Con Ken, las cosas parecían distintas. ¿O acaso ella habría ido modificando
sus propias expectativas con el correr de los años? A diferencia de otros hombres,
en situaciones de tensión Ken se mostraba más cariñoso y compasivo. Su
tendencia a hacer concesiones y su gran capacidad para la política científica
eran condiciones necesarias para su trabajo, pero debajo de esa capa ella creía
presentir algo sólido. Le respetaba por la forma en que había incorporado la
ciencia en la totalidad de su vida y por el valiente apoyo a la ciencia que había
tratado de inculcar en los funcionarios de dos gobiernos.
Con la mayor discreción posible, vivían juntos en el pequeño departamento
de Ellie. Sus diálogos eran una delicia, un ágil intercambio de ideas. A veces
respondían frases aún incompletas, como si de antemano conocieran
perfectamente lo que el otro iba a decir. Ken era un amante tierno e inventivo.
Ellie solía asombrarse de las cosas que era capaz de hacer en presencia de él,
debido al amor que compartían. Se sentía más conforme consigo misma gracias
al amor de Ken. Y como era obvio que él experimentaba lo mismo, su relación
se asentaba sobre una base de amor y respeto infinitos. Al menos, eso pensaba
ella.
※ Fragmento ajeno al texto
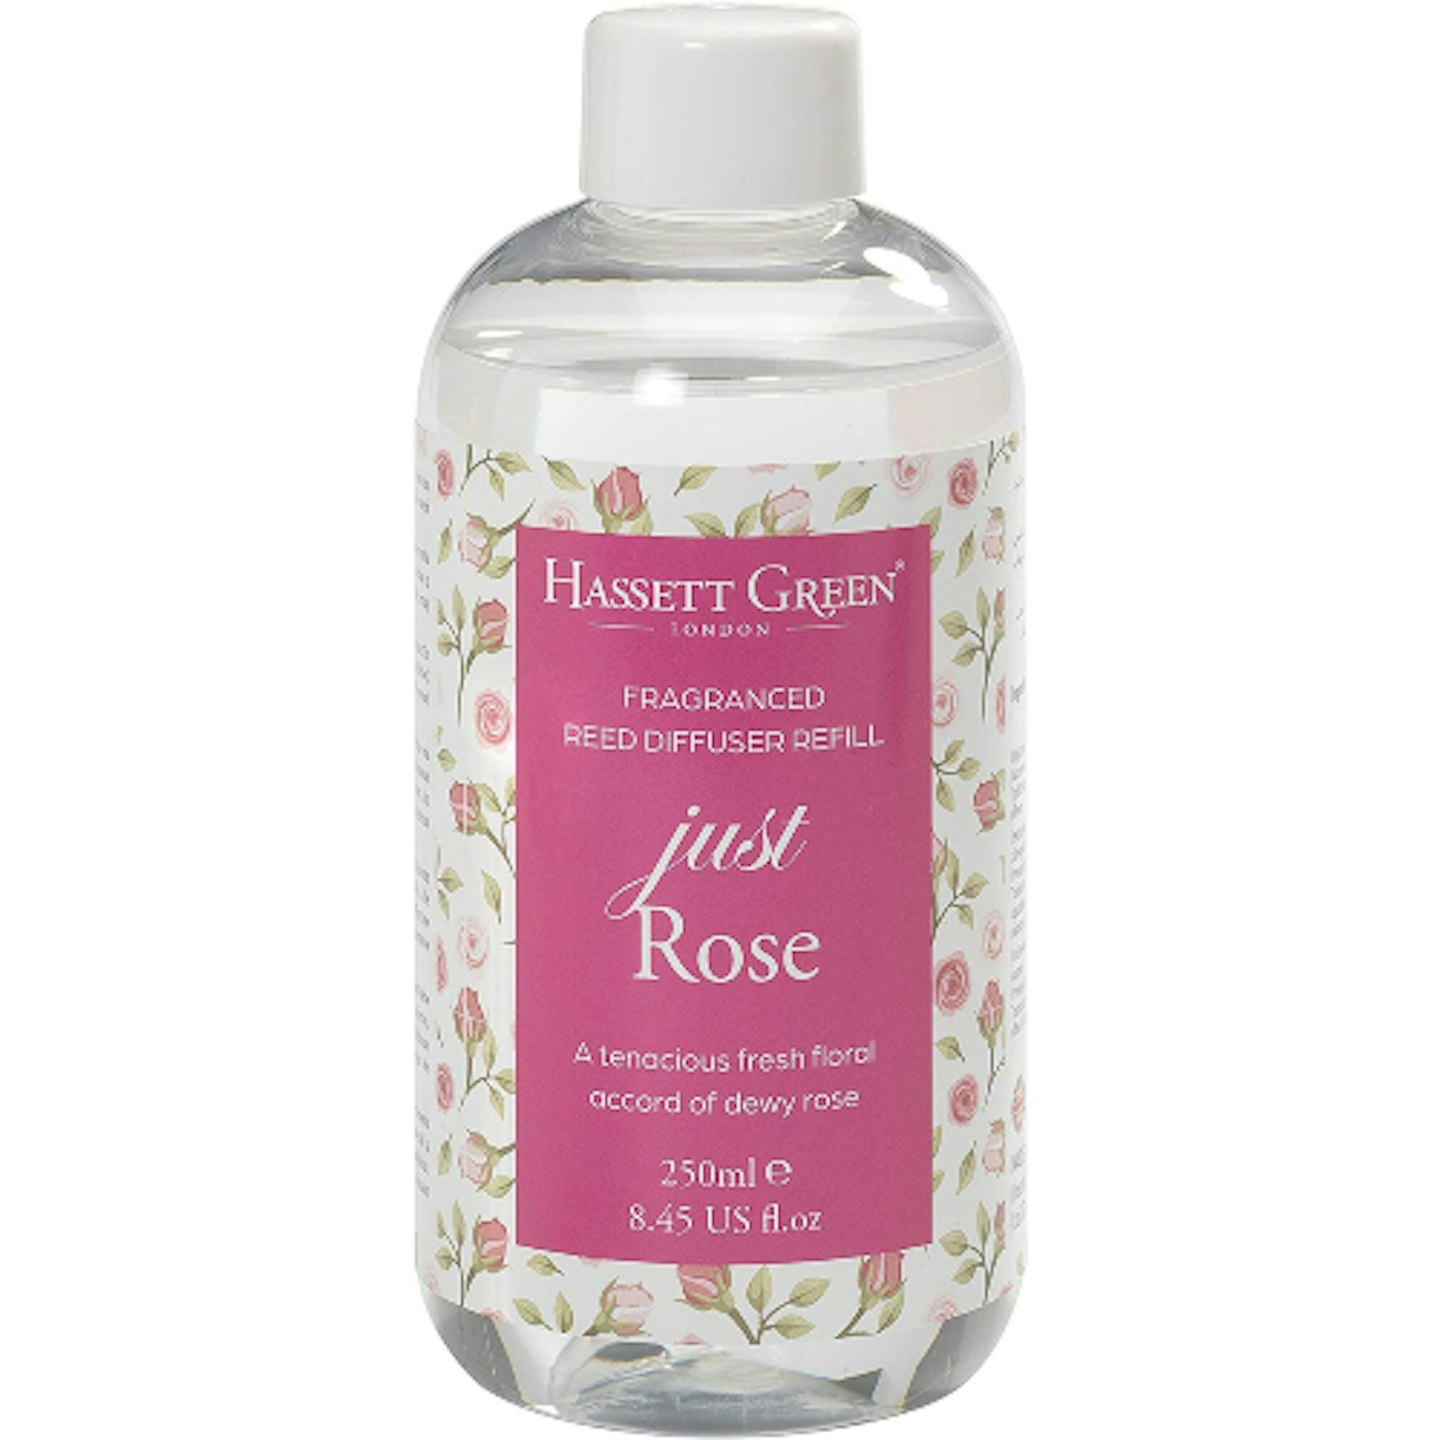 Rose diffuser oil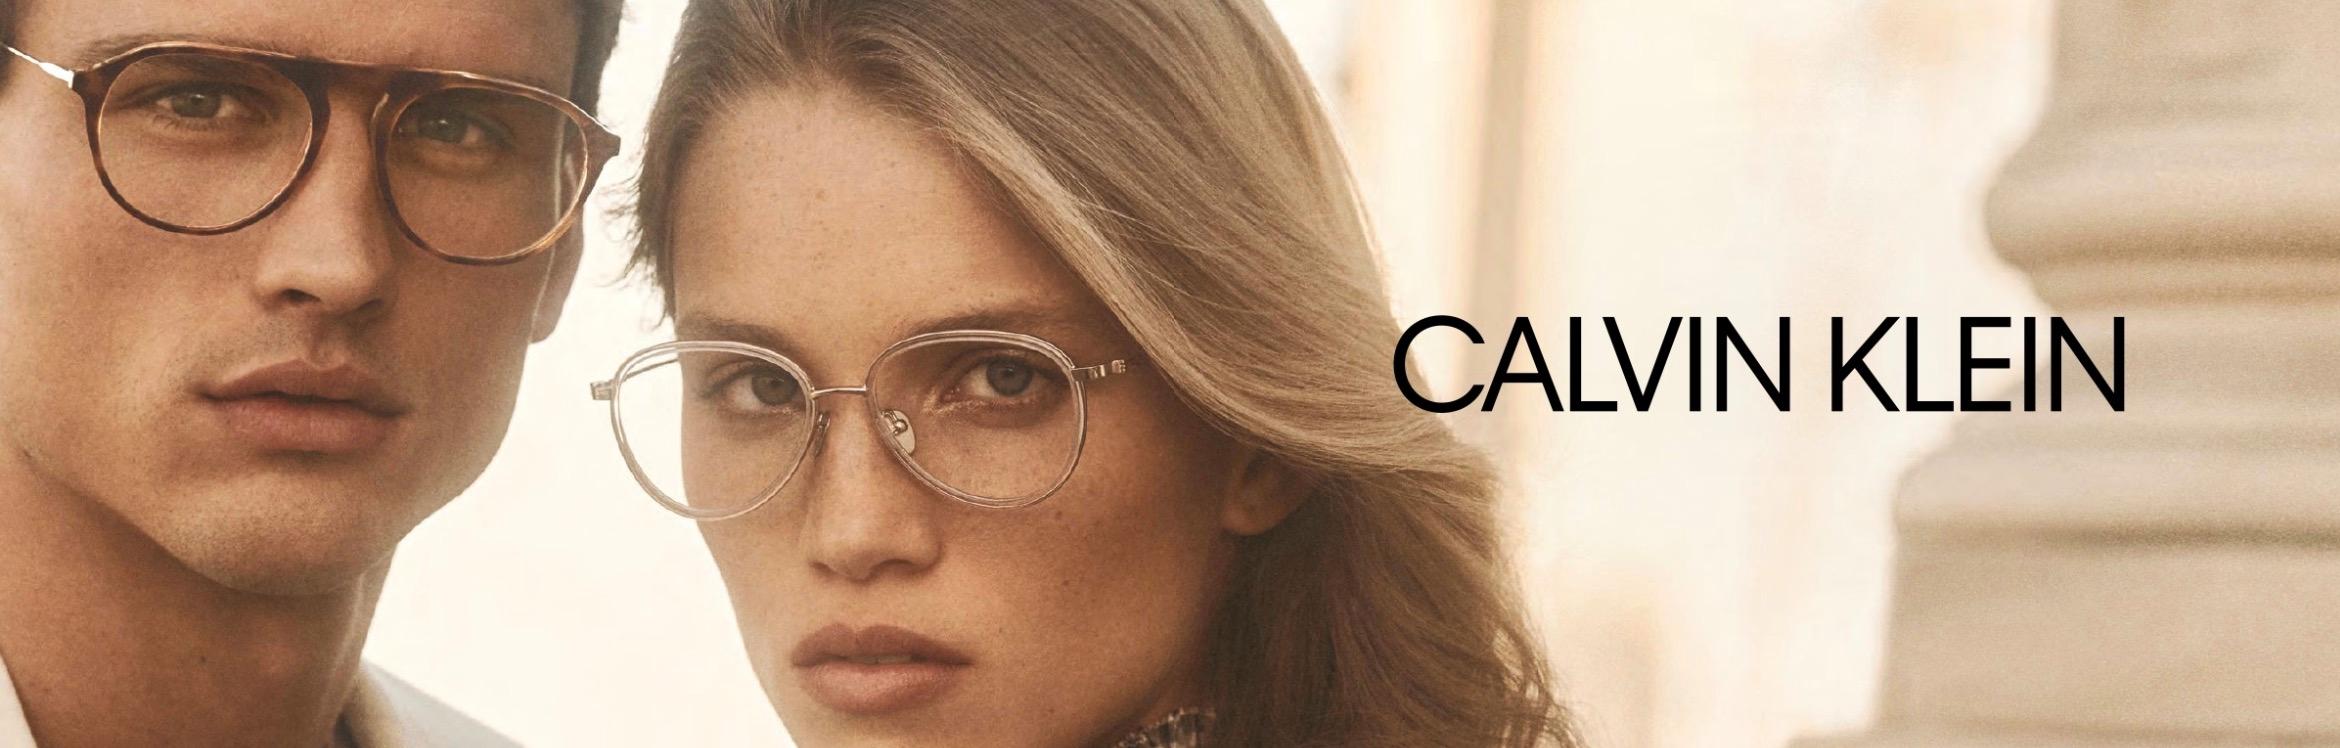 Calvin Klein Glasses | Calvin Klein Eyeglasses

En compañía de muchos de sus amigos sentía una profunda soledad, que
jamás la dominaba cuando estaba con Ken.
Le gustaba contarle sus recuerdos, fragmentos del pasado, y él no sólo
manifestaba interés sino que parecía fascinado. La interrogaba durante horas
sobre su infancia, siempre con preguntas directas pero cariñosas. Ellie empezó a
entender por qué los enamorados suelen hablarse con lenguaje de bebés: no
había ninguna otra circunstancia socialmente aceptable que permitiese aflorar en
una persona al niño que llevaba dentro. Si el niño de un año, de cinco, de doce, o
el joven de veinte encuentran personalidades compatibles en el ser amado, existe
una posibilidad real de mantener felices a esas subpersonas. El amor pone fin a
su larga soledad. Quizá la profundidad del cariño puede medirse por el número
de identidades que se movilizan en una relación afectiva. Ellie tenía la sensación
de que, con sus anteriores compañeros, sólo una identidad había hallado su
contraparte compatible, mientras que las demás se habían vuelto parásitas.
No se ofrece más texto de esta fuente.